CompTIA's second annual Big Data Insights and Opportunities study shows that executives know the value of leveraging big data but need help with managing the complexity and overcoming the skills gap, pointing to an opportunity for MSPs.
CompTIA Market Intelligence Vice President Tim Herbert says as big data evolves, businesses of all sizes will explore how to best leverage it.
Nearly eight in ten executives say they need better real-time analytics and improvement in converting data into actionable intelligence, according to a new report from IT industry association CompTIA. The news comes at a time when managing and leveraging big data has grown more complex, and it showcases an opportunity for analytics-minded managed services providers (MSPs) to fill the gap.
The report is CompTIA's second annual Big Data Insights and Opportunities study. This year's results also showed that six in ten respondents said they need to boost employee skill levels on the technical or business side of data management and analysis. Additionally, 66 percent of firms plan to invest in training for current employees, while 43 percent have an intent to hire new workers within a data-specific expertise.
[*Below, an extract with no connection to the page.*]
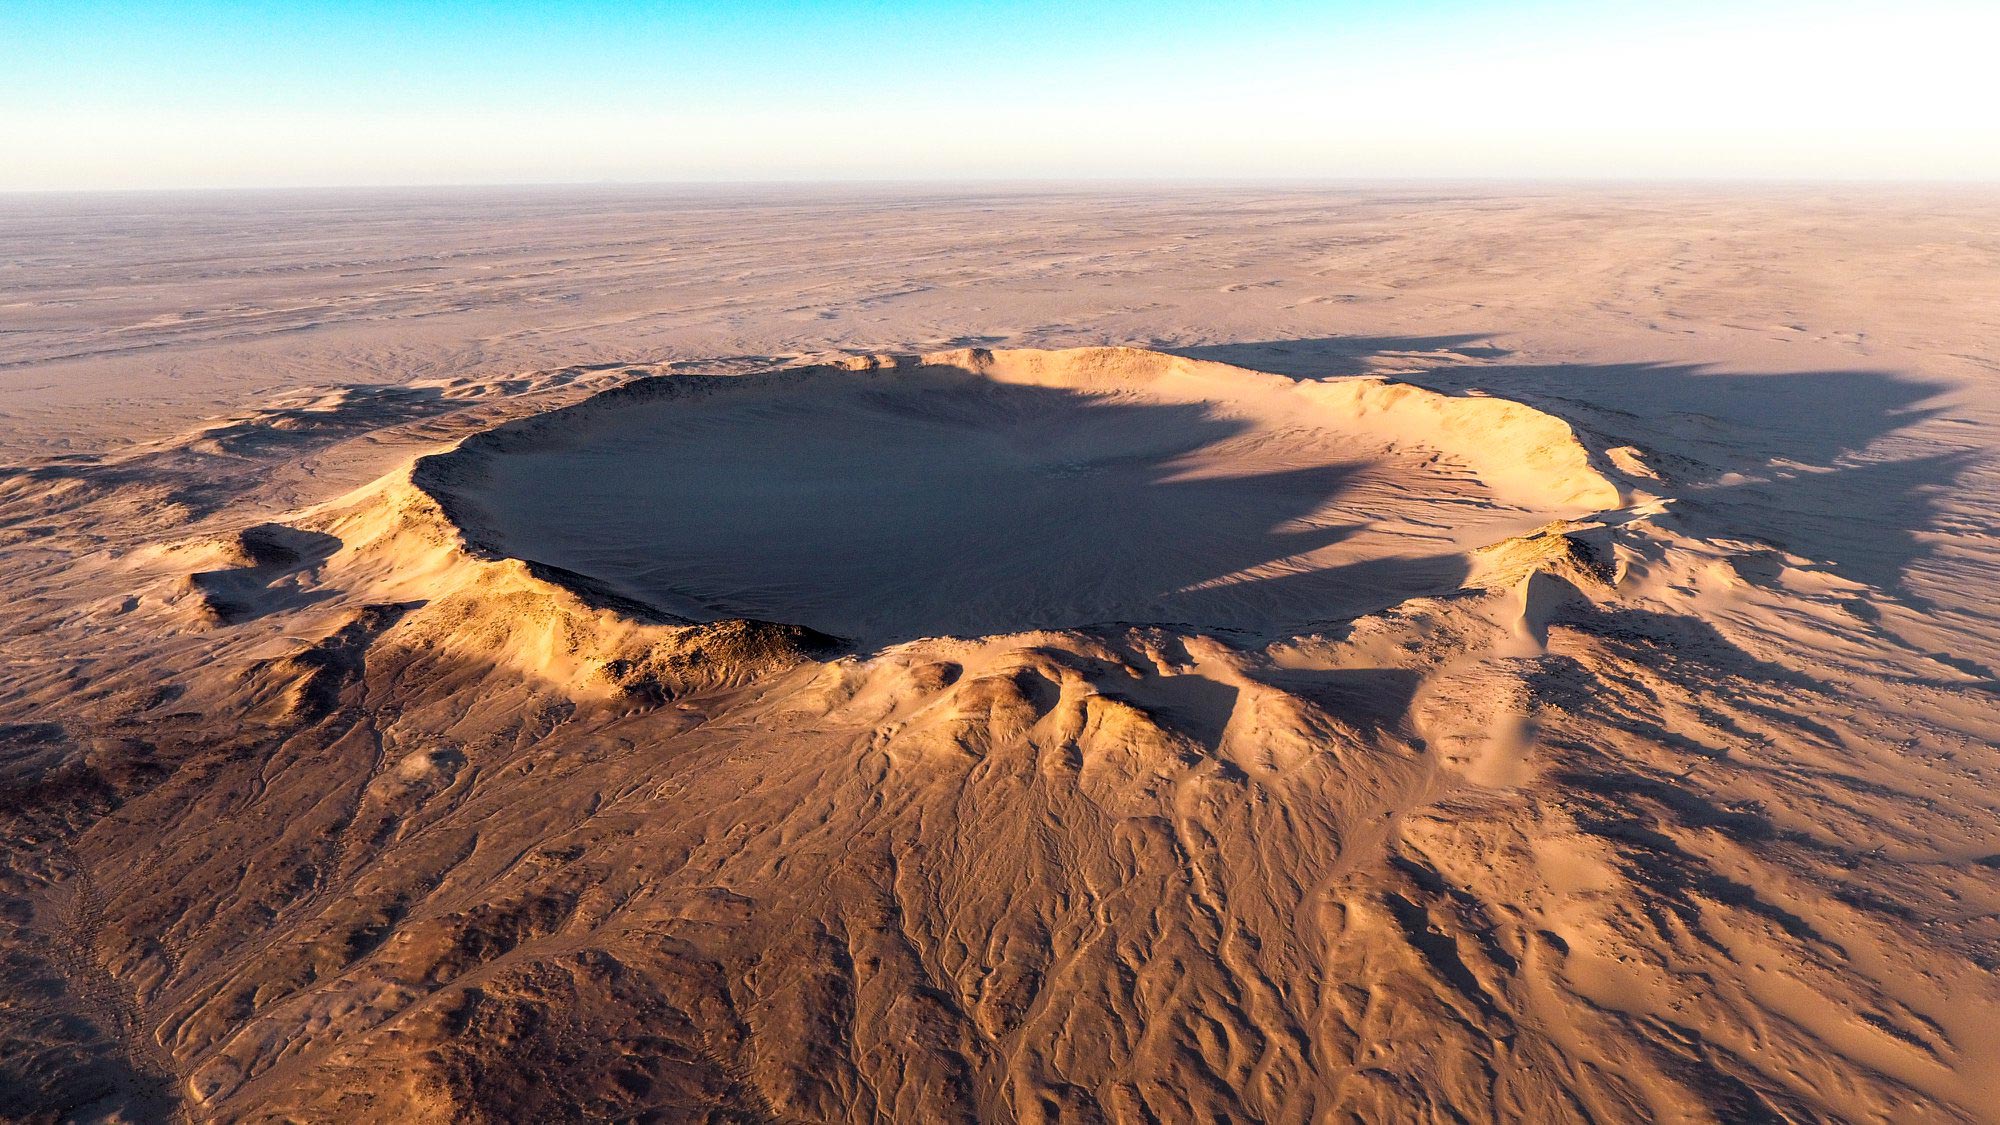 Tenoumer Crater, Mauritania – One of the Best-Preserved Craters on Earth - SciTechDaily

CompTIA Market Intelligence Vice President Tim Herbert said in a prepared statement that as big data evolves, businesses of all sizes will analyze ways to leverage the most out of their data.
"As executives across the organization drive data initiatives, new roles may emerge that incorporate elements of IT, business analyst, researcher and behavioral economist," Herbert said.
The report also noted that nearly one in three channel partners are already providing big data application deployment or integration services, and, over the next 12 months, an additional 14 percent expect to offer big data consulting or advisory services.
How can MSPs take advantage of this expanding opportunity? The IT research firm said top strategies include investing in technical training; investigating partner programs and/or aligning with big data vendors; hiring staff with big data expertise; and looking for partnership opportunities.
To sum the report up with a simple sentence: If you're not offering big data-related services, you may be falling behind the rest of the pack -- but you probably still have time to catch up..
The research for the report was conducted in two parts. End user data was collected via an online survey in June 2013 among 500 U.S. business and IT executives responsible for technical or strategic decisions affecting data at their companies. Channel data was collected via an online survey in April 2013 of 500 executives at U.S. IT firms, with most having some level of involvement in the IT channel.